Saxe and DeGrasse, JJ.,

dissent in a memorandum by Saxe, J., as follows: I would affirm the denial of defendant’s GPL 440.46 motion for resentencing.

The court met its obligation to “offer an opportunity for a hearing and bring the applicant before it” (L 2004, ch 738, § 23), as required by the 2009 Drug Law Reform Act (see GPL *446440.46 [3]), when defendant was “brought before the court and given an opportunity to be heard” (People v Soler, 45 AD3d 499, 499 [2007], lv dismissed 9 NY3d 1009 [2007]).

Defendant’s moving papers were dated October 7, 2009, and he submitted his reply papers at the initial appearance on the motion on November 17, 2009. At that point, the court was entitled to proceed on the assumption that it had been provided with all the information and arguments on which defendant intended to rely in seeking resentencing. Because there was nothing in those submissions establishing the existence of disputed facts warranting an evidentiary hearing, the statute required nothing farther on the part of the court, except its decision (see People v Burgos, 44 AD3d 387 [2007], lv dismissed 9 NY3d 990 [2007]). The court therefore correctly proceeded on the assumption that it could hand down its decision on the motion on the adjourn date.

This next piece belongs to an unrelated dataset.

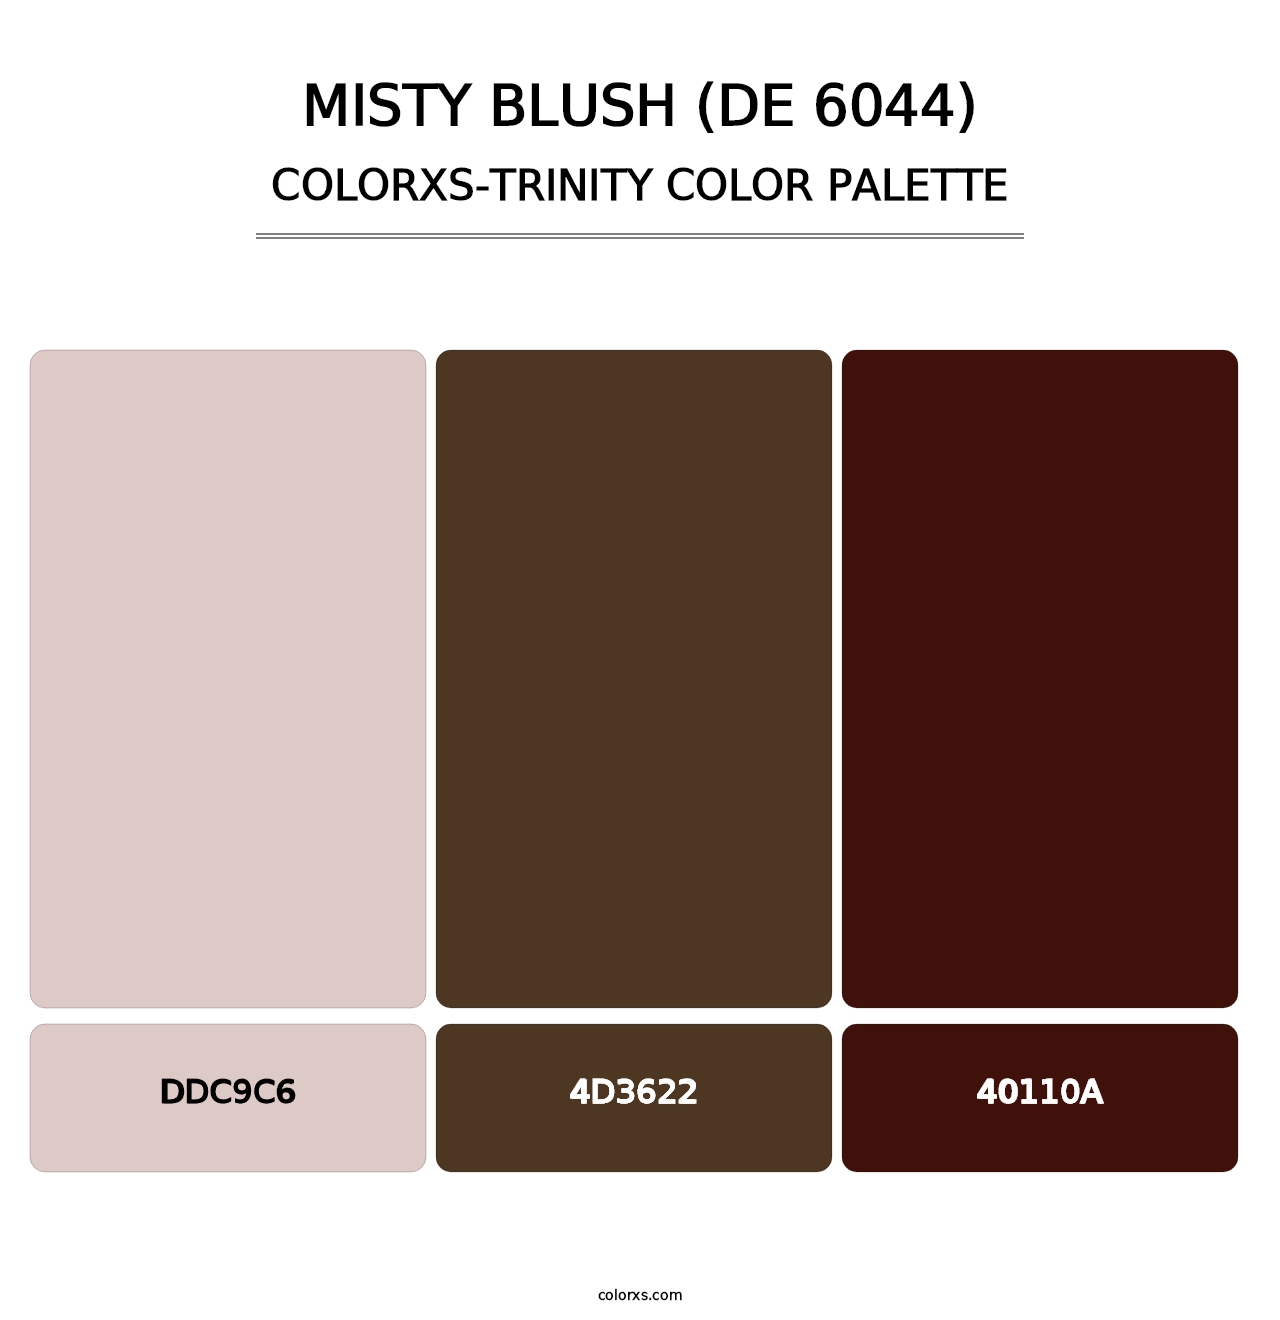 Misty Blush (DE 6044) - Colorxs Trinity Palette

The letter that defense counsel handed up to the court on the adjourn date was insufficient to require the court to handle the motion in any other way. The letter contained no substantive factual assertions. It merely amounted to an assertion by defense counsel that a Department of Correctional Services official had unspecified “information relevant to the resentencing application” to share with the court. Such a vague reference to “information” does not give rise to a “controverted issue of fact” (L 2004, ch 738, § 23) so as to warrant a hearing. Nor was the letter even sufficient to indicate that the referred-to information was material to the issues relevant to resentencing (see People v Diggins, 11 NY3d 518, 524-525 [2008]).

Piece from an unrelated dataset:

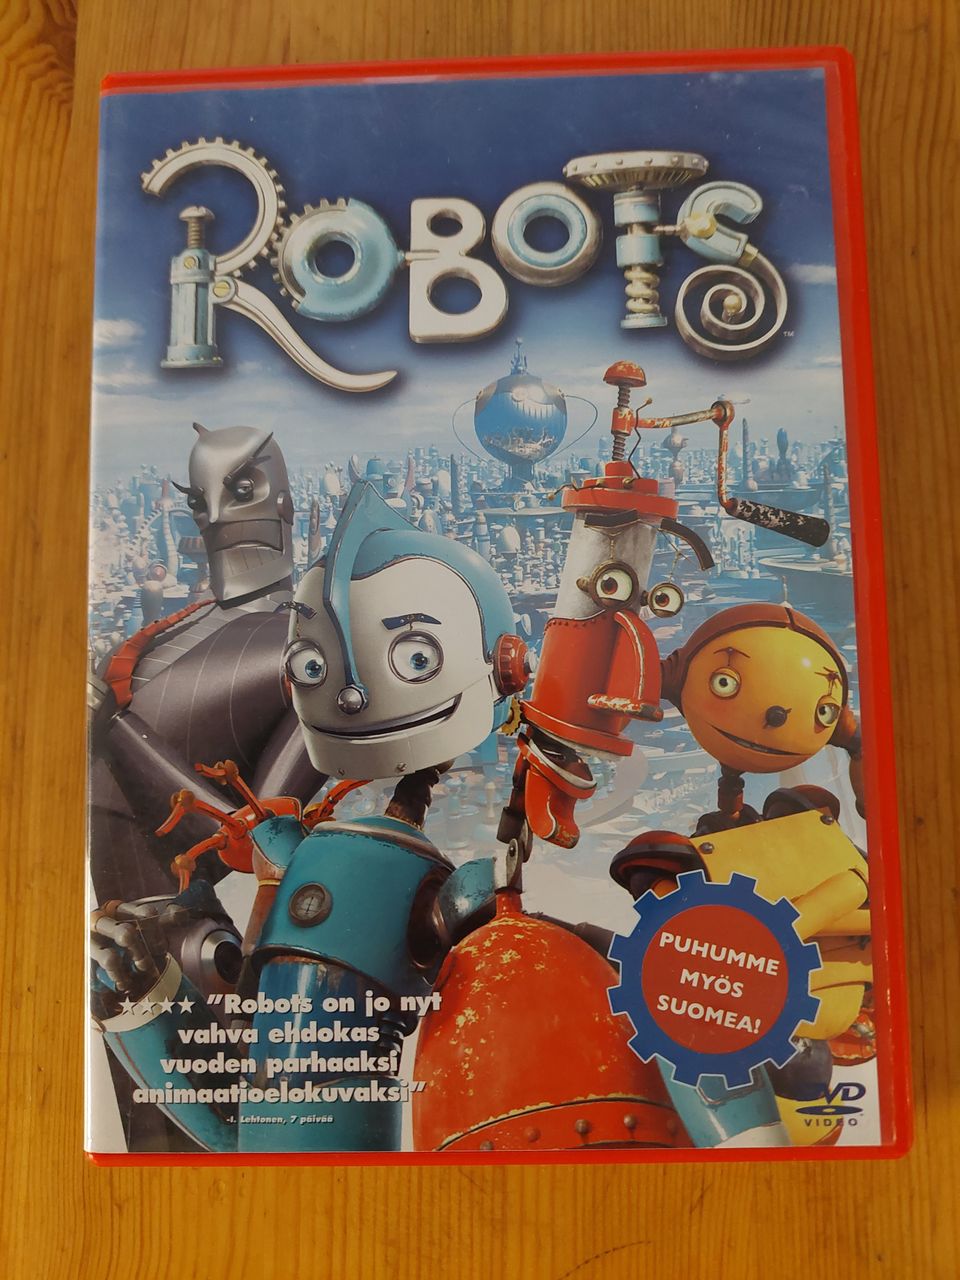 Robots dvd

The majority agrees that the court had no obligation to procure the purported information, but concludes that it erred in failing to grant defendant an adjournment. I disagree. First, the letter does not explain why the existence and substance of that information could not have been timely obtained and provided; its unexplained reference to a “misplaced” file is insufficient. Second, the record establishes no reason to conclude that an adjournment was warranted, either as a matter of law or in the exercise of discretion. If, as the majority agrees, the extra time sought was not to be used for the court to contact the Deputy Inspector General, then the court should have been given some basis to believe that counsel possessed substantive information that she would be able to document in the intervening period. However, nothing in the submitted letter indicates that given additional time, the defense could have obtained the vaguely referred-to additional information. Indeed, the record fails to establish that defense counsel possessed actual substan*447tive information at that time, and chose not to convey it because the court denied defense counsel’s request to close the courtroom. Counsel said on the record that “rather than describe [the additional information] in open court I would like to submit this letter,” and then submitted a letter that failed to describe even the nature of the information. She did not seek to speak off the record at a sidebar conference, or take any other steps to protect defendant from public disclosure of the claimed information.

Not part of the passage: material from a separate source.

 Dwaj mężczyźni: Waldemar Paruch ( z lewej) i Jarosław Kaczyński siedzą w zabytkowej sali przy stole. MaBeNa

On the merits of the motion, the court properly exercised its discretion in determining that substantial justice dictated the denial of the application. That conclusion was warranted by the totality of the circumstances, including defendant’s six felony convictions, his involvement in the sale of large quantities of drugs, his extensive prison disciplinary record, and his multiple failures to appear in court (see e.g. People v Estela, 80 AD3d 526 [2011]). I would therefore affirm.